Al via la piattaforma Usa per chiedere il rimborso di 166 miliardi di dazi illegali voluti da Donald Trump
Entra nella fase operativa il rimborso monstre dei dazi reciproci americani dichiarati illegittimi dalla Corte suprema. Da lunedì 20 aprile è accessibile il portale della U.S. Customs and Border Protection per presentare le richieste. Si mette così in moto una macchina amministrativa che deve restituire fino a 166 miliardi di dollari a oltre 300mila importatori colpiti dalle tariffe introdotte dall’amministrazione di Donald Trump invocando l’International Emergency Economic Powers Act del 1977.
Le Dogane Usa hanno messo a punto una nuova funzionalità nell’ambito del sistema digitale centrale ACE attraverso cui passano tutte le operazioni di import/export (dichiarazioni doganali, pagamenti, controlli, comunicazioni con le autorità). Si chiama Cape, Consolidated Administration and Processing of Entries. Possono presentare richiesta di risarcimento gli Importers of record registrati negli Stati Uniti – cioè chi figura ufficialmente nella dichiarazione doganale ed è responsabile del pagamento dei dazi – o, in alternativa, i loro intermediari autorizzati. Le imprese europee e quelle italiane rientrano nel perimetro purché abbiano operato come importatori diretti o tramite intermediari accreditati.

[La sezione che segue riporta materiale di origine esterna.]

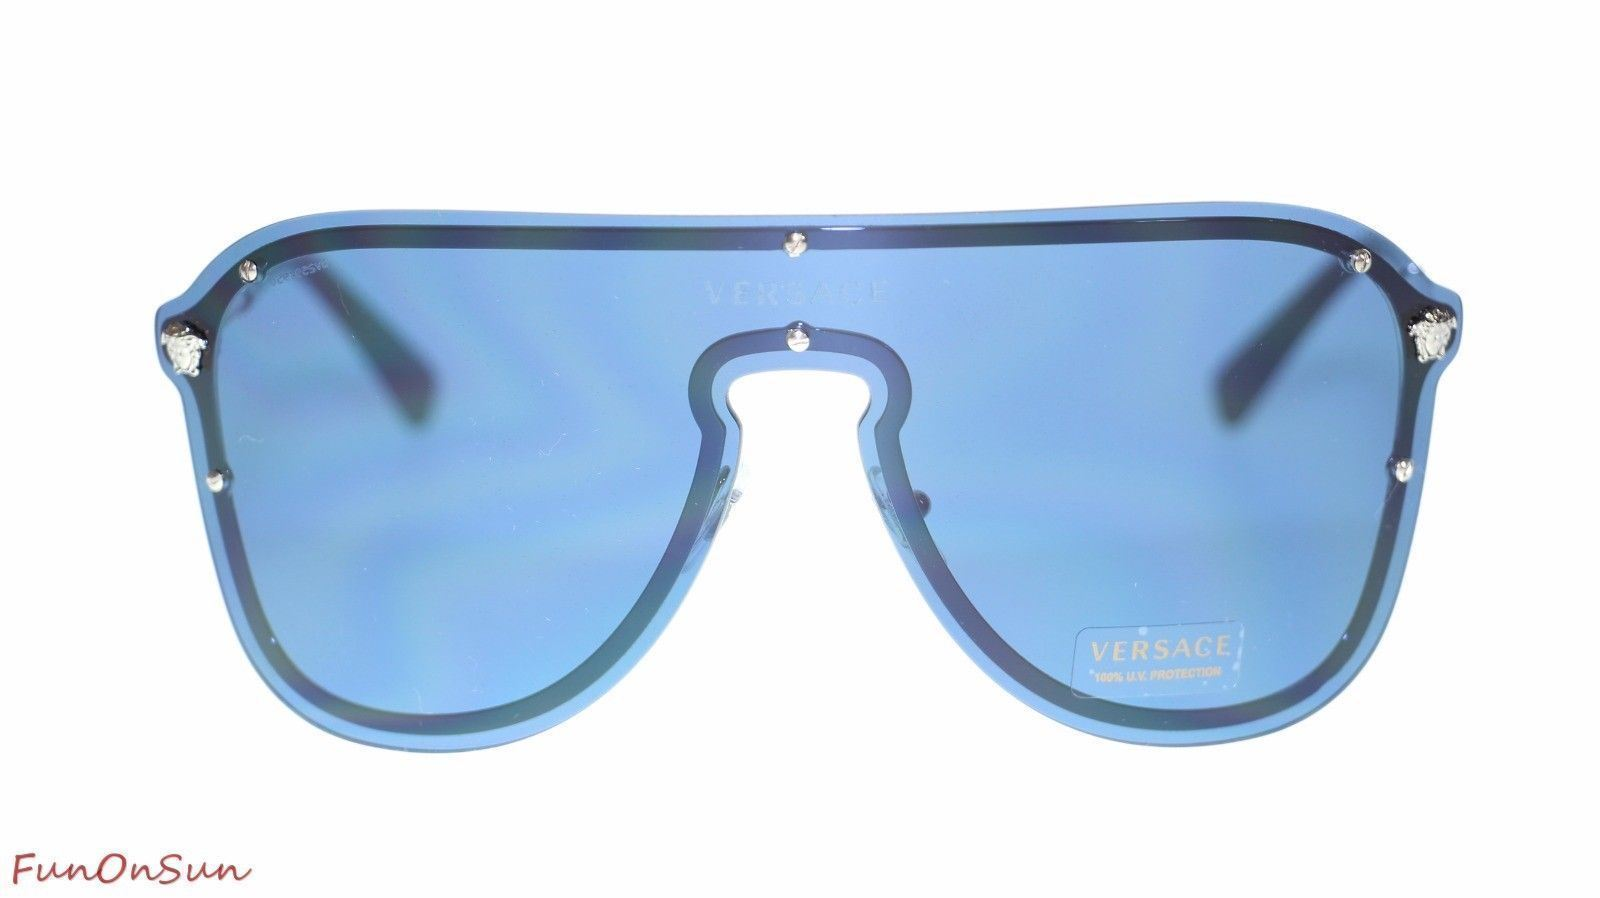 86dbb6fe8f Versace Pilot Women Sunglasses VE2180 100080 and 50 similar items. S l1600

La partenza, però, è selettiva. La prima fase riguarda solo una parte delle operazioni, in particolare le pratiche ancora aperte e quelle liquidate da meno di 80 giorni. Restano fuori, almeno per ora, le pratiche più vecchie, quelle non gestite tramite ACE e i casi già coperti da procedure ordinarie come il duty drawback, il meccanismo standard che consente di recuperare i dazi pagati su merci che poi vengono riesportate. Non esiste ancora un calendario ufficiale per le fasi successive e quindi per una quota rilevante degli importatori il rimborso, pur certo sul piano giuridico, non è ancora esigibile sul piano operativo.

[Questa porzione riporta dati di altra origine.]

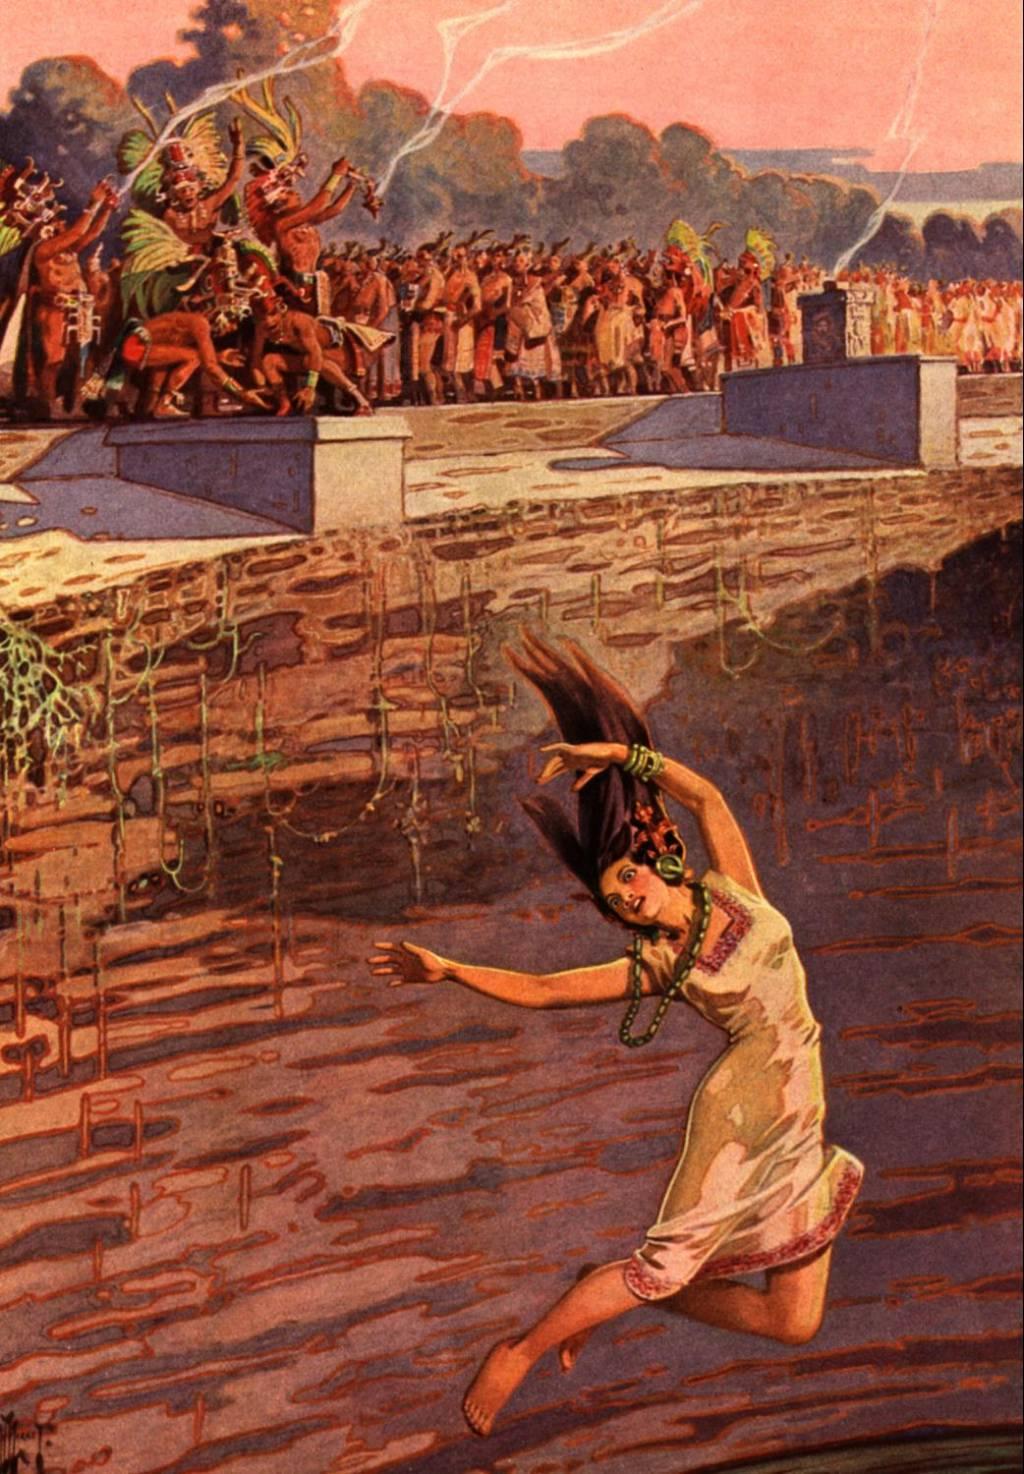 Young female human sacrifice exploited image

Quanto ai tempi, l’amministrazione doganale indica una finestra di 60-90 giorni dall’accettazione della richiesta per l’erogazione dei rimborsi. I pagamenti saranno effettuati in forma aggregata, non per singola spedizione, e includeranno gli interessi maturati. Ma in caso di verifiche, contestazioni o situazioni amministrative più complesse, i tempi possono allungarsi sensibilmente. Inoltre, i rimborsi saranno soggetti ai meccanismi di compensazione previsti dalla normativa americana: eventuali debiti fiscali o doganali dell’importatore potranno essere detratti dagli importi dovuti, riducendo l’effettiva liquidità in arrivo.

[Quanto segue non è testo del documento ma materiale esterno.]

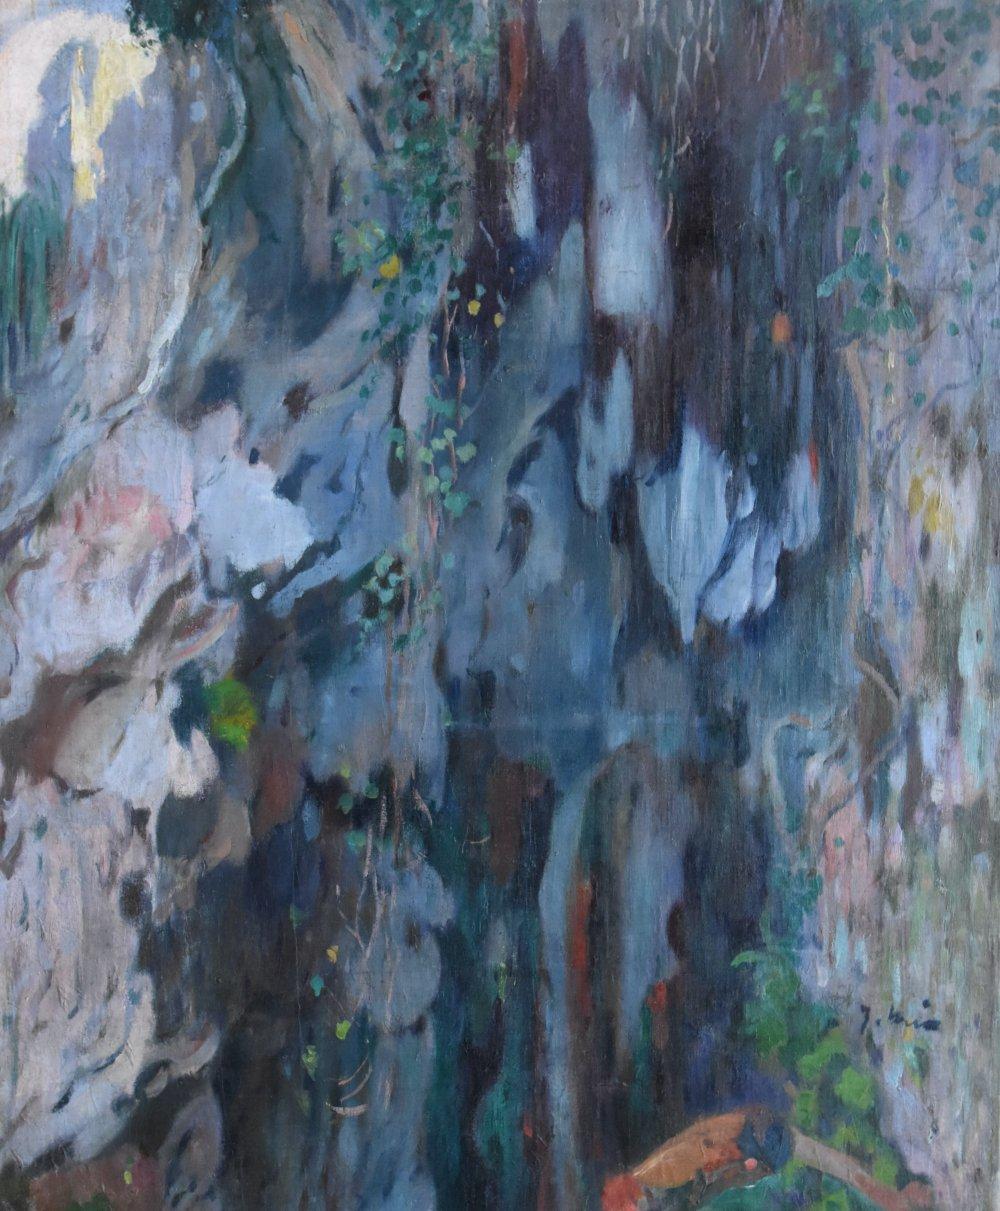 Cave of Mallorca (Sa Calobra)

Gli acquirenti finali restano fuori dal meccanismo. Negli ultimi mesi molti retailer hanno scaricato almeno in parte l’aumento dei dazi sui prezzi al dettaglio, il che ha alimentato l’idea, tra i consumatori, di aver pagato direttamente quelle tariffe. Deborah Weinswig, fondatrice di Coresight Research, ha detto al Wsj di aspettarsi che anche loro pretendano rimborsi. Ma la trasmissione dei costi non è stata lineare: molte aziende hanno assorbito una quota dei dazi o hanno negoziato con i fornitori esteri, attenuando l’impatto sui prezzi finali. Di conseguenza, stabilire chi abbia effettivamente sostenuto il costo e in quale misura diventa complesso.
A complicare ulteriormente il quadro c’è il fatto che il livello dei dazi non è tornato al punto di partenza. Dopo la bocciatura da parte della Corte Suprema, l’amministrazione di Donald Trump ha comunque introdotto nuove tariffe, cosa che espone molte imprese a costi più elevati rispetto a un anno e mezzo fa. Questo rende ancora più improbabile qualsiasi restituzione ai consumatori, perché i maggiori costi restano in parte incorporati nei prezzi e in parte sono assorbiti lungo la filiera.